The work of musicians, writers and artists who died at the Battle of the Somme will be honoured at a fundraising concert tomorrow in the Borders.
Among those remembered will be Frederick Septimus Kelly, a composer and British Olympic gold medallist, who was billeted in the village of Greenlaw, where the concert is being held, for six weeks in 1914 ahead of his deployment to Gallipoli.
The story of Kelly, who died 100 years ago tomorrow during the Battle of the Somme, was uncovered by Hugh Macdonald, former director of the BBC Scottish Symphony Orchestra.
Mr Macdonald was gathering family history for a eulogy for his mother who died earlier this year and out of curiosity entered the words “Veitch’s grocer’s Greenlaw” into Google – the shop where his mother worked as a 14-year-old. “To my astonishment there was a link to Kelly’s war diaries which had only been published in 2014. The reason the shop came up was the link to these diaries.”
Mr Macdonald, co-director of the Lammermuir Festival, said: “He talks about being billeted above Mr Veitch’s shop – which my paternal grandfather eventually bought – and about composing a Christmas piece based on Good King Wenceslas which he played on the church organ for his battalion. That piece still exists. I thought, ‘Wouldn’t it be brilliant to do something commemorating the artists, musicians, poets and writers who lost their lives, played on the organ Kelly had used’.
“The Gallipoli Sonata which will be played in the concert was a big romantic piece, is a very passionate piece for violin and piano which Kelly wrote in the most horrendous conditions in the trenches.
“He dedicated it to Jelly D’Aranyi, a famous Hungarian violinist.
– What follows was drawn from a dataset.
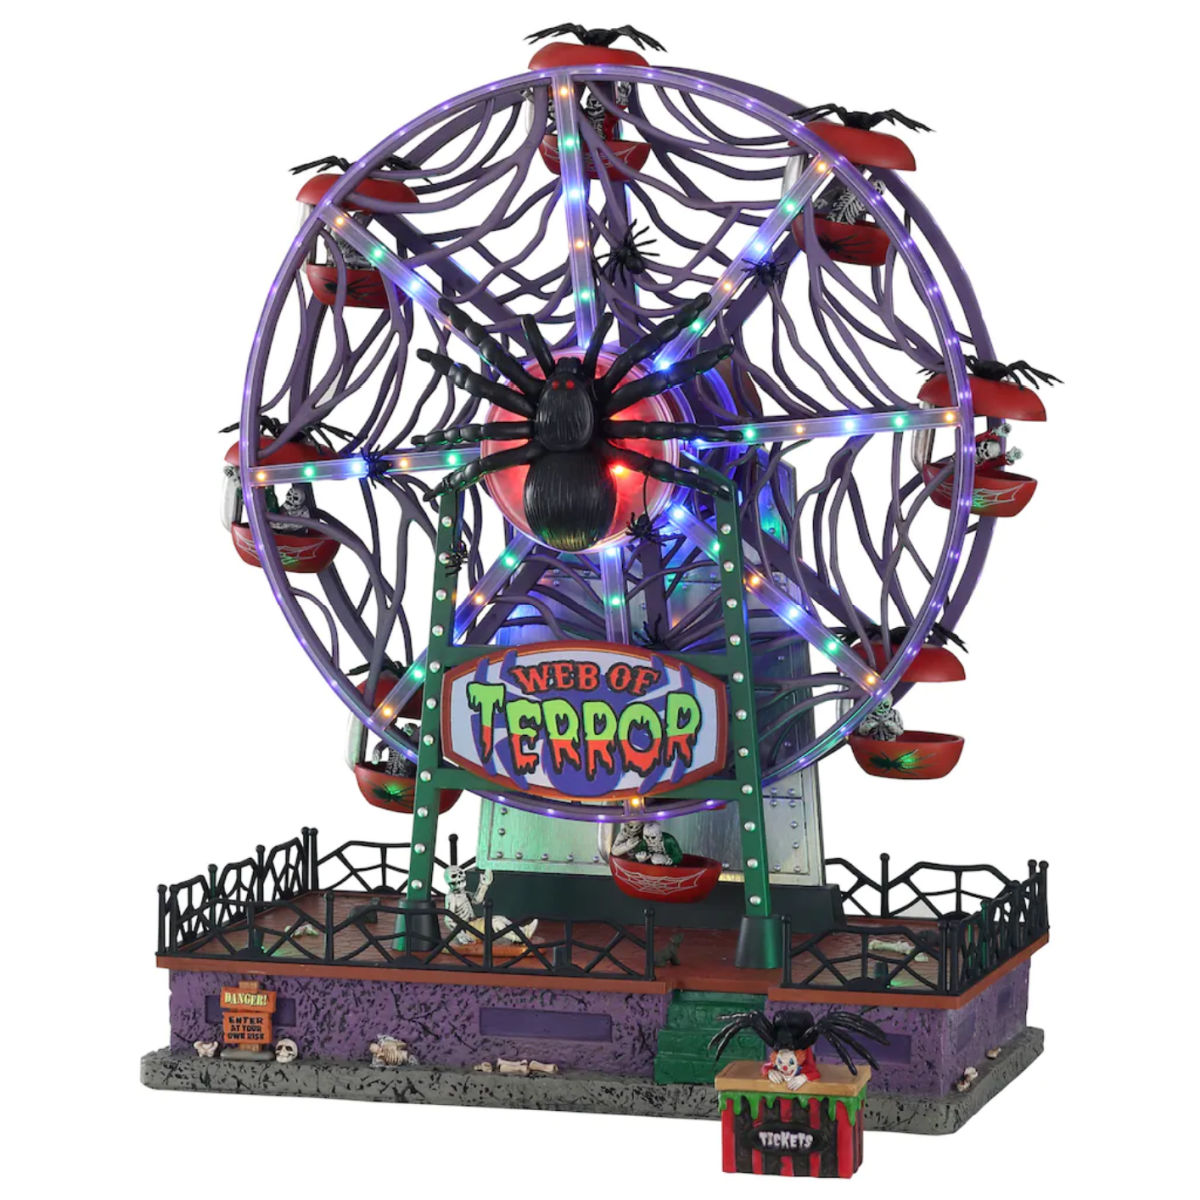 Lemax Spooky Town Web of Terror Ferris Wheel

They had played a lot of recitals together, him at the piano.
“When he was killed at the Somme she was absolutely devastated. She had a photo of Kelly on her piano for the rest of her life, up till she died in 1966, aged 72.”
The diaries also describe preparations for war and possible attack, with the entry for Wednesday, 16 December 1914 at “the house over Veitch’s Greenlaw” saying “Pinks told me of a rumour that the Germans were landing a force at Newcastle and that we were to be ready to start at any moment.
“Instead of a much hoped for rest I spent a feverish afternoon preparing for a possible departure.”
Kelly was awarded the Distinguished Service Cross for conspicuous gallantry during the evacuation of Gallipoli.
Kelly’s musi,c which was almost forgotten after the war, underwent a revival and an elegy he wrote for his friend, the poet Rupert Brooke, was played at the BBC Proms in 2014.
It is understood that he composed music as a means of blocking out the death and destruction that he experienced in the trenches.
Mr Macdonald said: “Every death in war is a tragedy whether the person was unknown or of some reputation.
“One of the good things about the ‘artists’ is that they leave something behind in that their music or poetry still exists.
“When you play Kelly’s pieces his spirit come alive through the music, a privilege not given to many people.
Kelly, who was born in Sydney to a wealthy family, came to live in England as a young man.
“He mixed with the society set where his friends included the son of Herbert Asquith, the prime minister.
“At the outbreak of war he joined the Royal Naval Division, for land troops. He was also an athlete, winning a gold meal for rowing in the 1908 Olympics
Tomorrow’s concert, called Some Corner of a Foreign Field, will be held at Greenlaw Parish Church at 3:30pm and raise money for the charity Veterans Helping Veterans.